«Последний кочевник»

Герольду Бельгеру - 70

В эти дни, уверен, будет сказано много лестных и вполне заслуженных слов в адрес Герольда Карловича. Полагаю, что особенно много их будет в казахской прессе. (Мы одинаково хорошо умеем делать две вещи: щедро хвалить и наотмашь ругать.) И это логично. Мало кто из ныне живущих сделал столько для казахской литературы, сколько Бельгер-переводчик. Есть расхожая мысль, что переводчики — чужого сада садоводы, чужого леса соловьи. Если с этим соглашаться, то Бельгер — садовод редкостный, бережливый и умелый. Он умеет сделать так, что всякое дерево даст свои плоды. Любой куст зацветет. В его саду плодоносит все.

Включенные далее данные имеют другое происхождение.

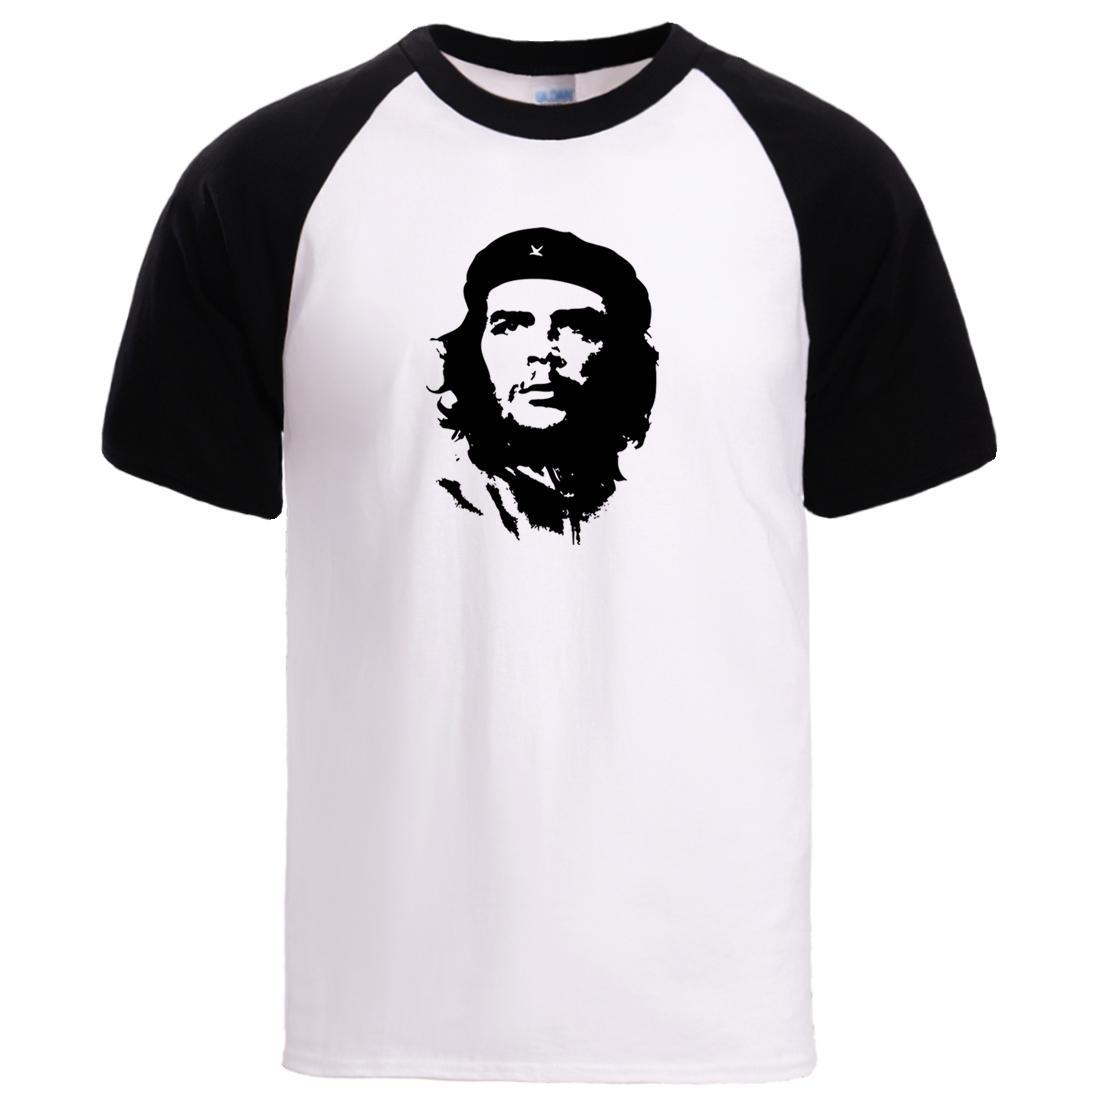 sport Che Guevara herói T-shirts Mens Hip Hop Verão cobre camisas T 2020 New Arrival algodão de manga curta T Sportswear Masculino Raglan

Но, к счастью, у Бельгера имеется и свой собственный сад. Сотни публицистических статей, очерки, романы, рецензии…


Все это аккуратно собирается в книги и выпускается небольшими тиражами в свет. В них художник размышляет в основном о времени. О себе — не очень много. Больше вскользь. Как о бесплатном приложении к эпохе. Несколько иронично, с грустинкой, но неизменно с откровенной мыслью. И это подкупает.


Между строк — выношенная правда и мудрость.


Не знаю, сможем ли мы нынче взволновать уважаемого, теперь уже аксакала, или хотя бы чем-то удивить. Мне всегда казалось, что наш Гера-ага при всей своей кипучей и разносторонней деятельности внутри себя остается глубоко одиноким и даже замкнутым человеком. А потому его сложно чем-то по-настоящему растормошить. Хотя обычно веселый. Ершистый.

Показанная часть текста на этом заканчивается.